Closed Chilluminati91 closed 1 month ago
@AznamirWoW you're the expert on this
I don't see much improvement from this method. It just makes non-silent chunks a bit larger and includes some silence.
Current method at the top, the proposed method is at the bottom.
Ran a test on a larger 45 min audio file. Both old and new methods produce the same number (61) of chunks, so no improvement here either.
X:\ApplioV3.2.6>split.py intervals: [(0, 236000), (238800, 1268000), (1266800, 3400000), (3400800, 4516000), (4516800, 4706000), (4704800, 4896000), (4894800, 5330000), (5328800, 5364000), (5370800, 5928000), (5924800, 10084000), (10080800, 10258000), (10256800, 13770000), (13766800, 13988000), (13984800, 15528000), (15524800, 15764000), (15760800, 16228000), (16224800, 16992000), (16988800, 17506000), (17504800, 17940000), (17936800, 18262000), (18260800, 18830000), (18826800, 19454000), (19452800, 20368000), (20366800, 20926000), (20922800, 21380000), (21380800, 22820000), (22816800, 23532000), (23528800, 23562000), (23558800, 23566000), (23564800, 23648000), (23644800, 23720000), (23716800, 24096000), (24094800, 25894000), (25890800, 25924000), (25920800, 26092000), (26088800, 26188000), (26188800, 26530000), (26528800, 26542000), (26542800, 27740000), (27744800, 27922000), (27918800, 27928000), (27924800, 27986000), (27982800, 28996000), (28996800, 30042000), (30038800, 30130000), (30126800, 30560000), (30556800, 31096000), (31092800, 31128000), (31126800, 31168000), (31168800, 31212000), (31210800, 32040000), (32038800, 32402000), (32400800, 32704000), (32702800, 34668000), (34668800, 34984000), (34980800, 35600000), (35604800, 36846000), (36842800, 37176000), (37172800, 38908000), (38906800, 39608000), (39606800, 40078000), (40074800, 42793634)]
merging: (238800, 1268000) (0, 236000) duration: 2800
merging: (1266800, 3400000) (238800, 1268000) duration: -1200 Traceback (most recent call last): File "X:\ApplioV3.2.6\split.py", line 15, in
I can not showcase it right now with the change but sometimes with no lookahead you get audible clicks in the transformed waveform. If you cut into an audio signal and that cut is not at a 0 point in the waveform it is bound to happen.

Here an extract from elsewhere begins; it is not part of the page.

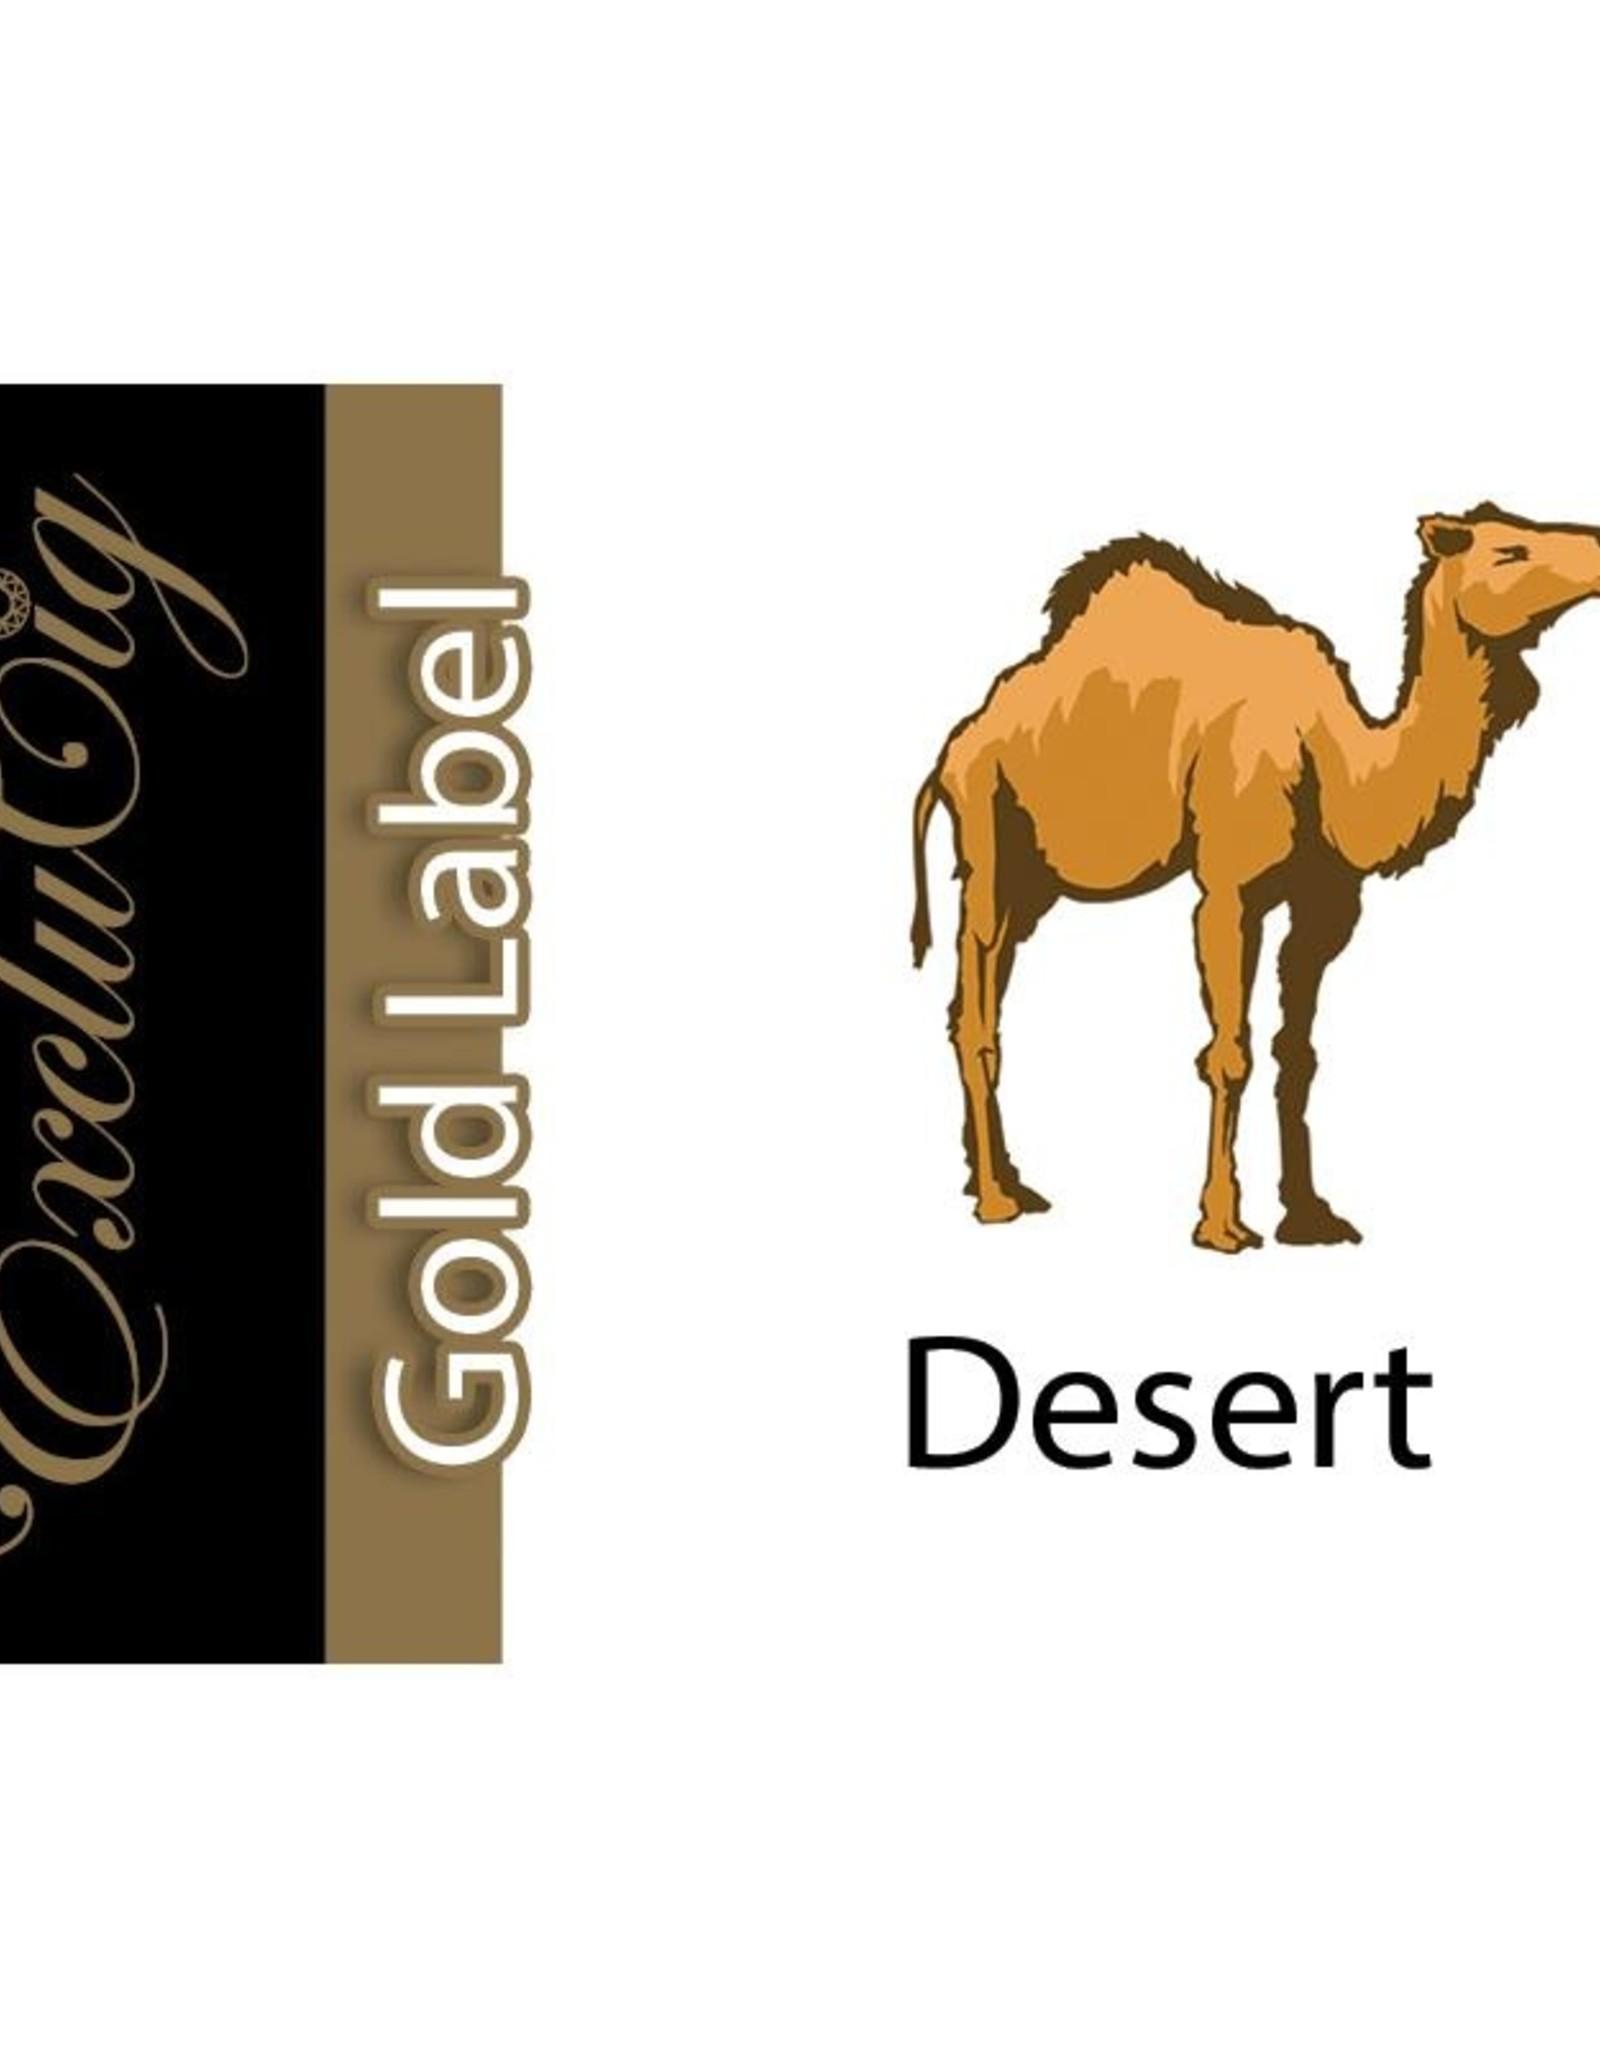 Exclucig Exclucig Gold Label E-liquid Desert 12 mg Nicotine

This could either be changed by introducing lookahead and fallof or a slight fade at each cut, but that would result in loss of data.

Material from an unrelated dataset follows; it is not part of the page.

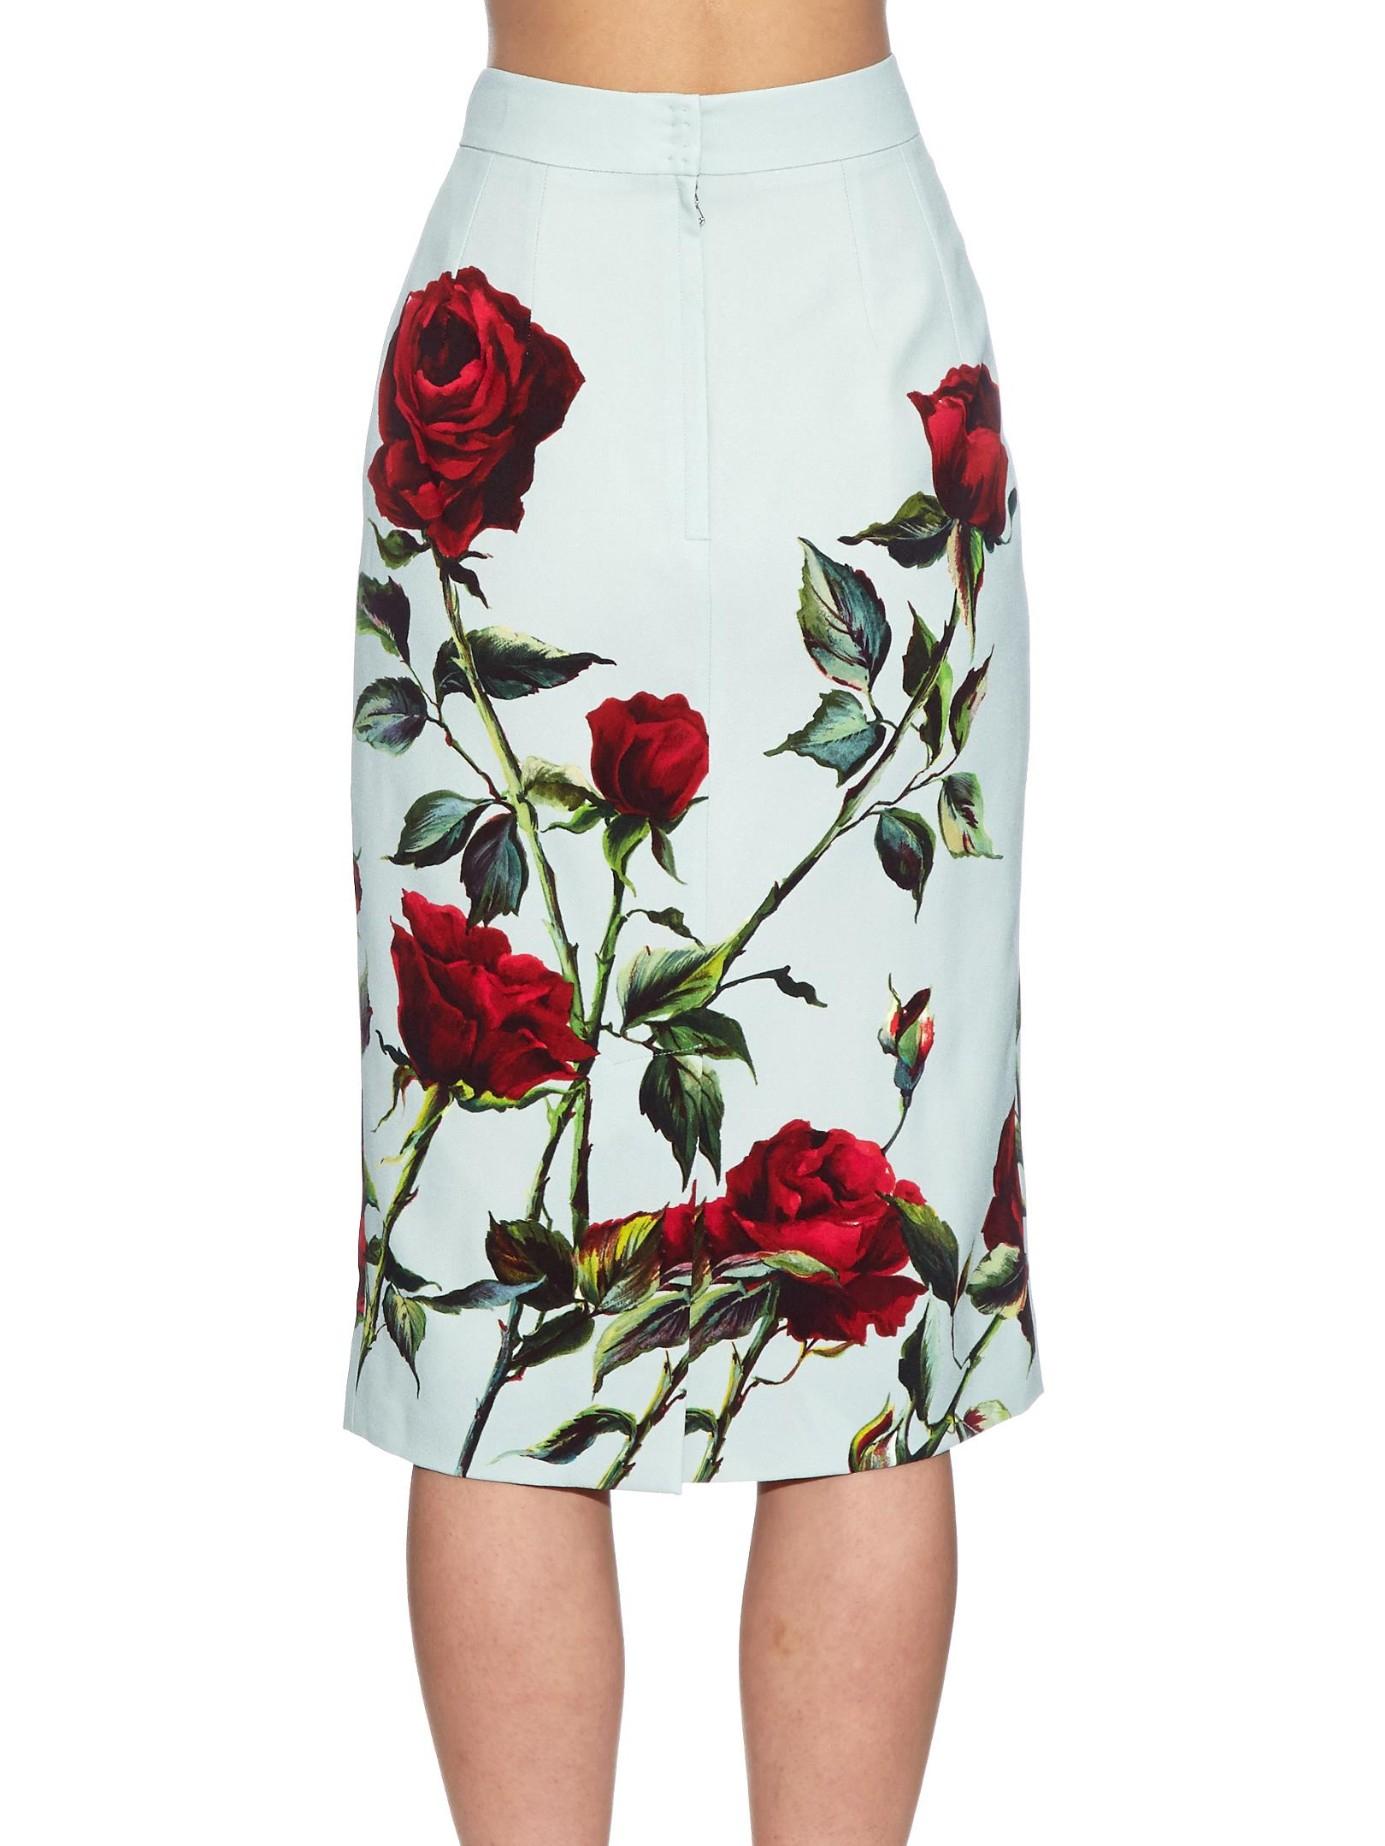 d4071ba7a Dolce & Gabbana Rose-Print Cady Pencil Skirt in Green - Lyst

Check the attached files, one transformed with a slight lookahead and one transformed with the lookahead removed (original file does not click, it only occurs after inference).
To illustrate, input yellow - output purple.

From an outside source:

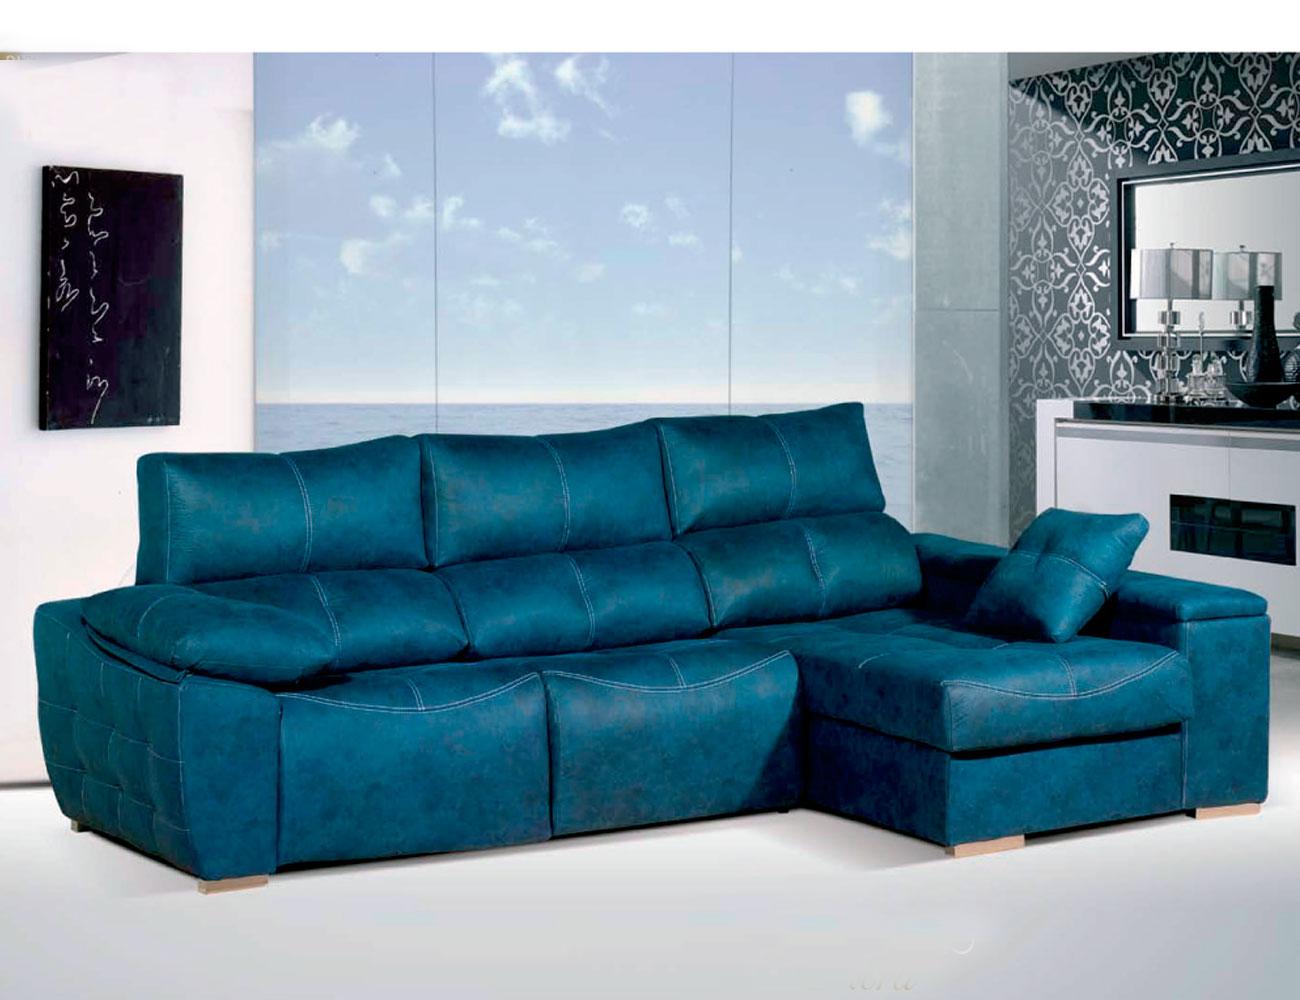 Sofa chaiselongue relax 2 motores anti manchas turquesa39

I don't see the current split method splitting in the middle of the waveform.
It does not have to. It could split exactly at a 0 point and we would still have popping issues as the converted file might not start at a 0 point. Once its assembled back together the signal pops.
Anyway, your method fails on my test file and results in a negative overlap.
After some further tests, you are right this overcomplicates things just for the sake of it and adds potential errors with clip and silence lengths. A simple minimal fade before conversion and then before merging back together the clips is enough to get rid of potential clicks.
So you say a converted file may not start at 0 point and result in a click, yet you fade the audio before the conversion?
We have no influence on wether the converted audio starts at a 0 point. If we fade the audio BEFORE conversion we can minimize the propability of having the original audio with a click going through conversion. Then we fade the converted audio because we can not say for certain wether it starts with a click or not.
Once again I'd like to see a file where splitting happens at a loud enough volume to produce a click. In all my test the split happens at a very low point and after merging the converted audio back it no audible difference at the split.
The "Split Audio" option on inference tends to cut into the audio when the threshold is reached on attack and release. This adds a little lookahead and falloff so there are no more drastic cuts.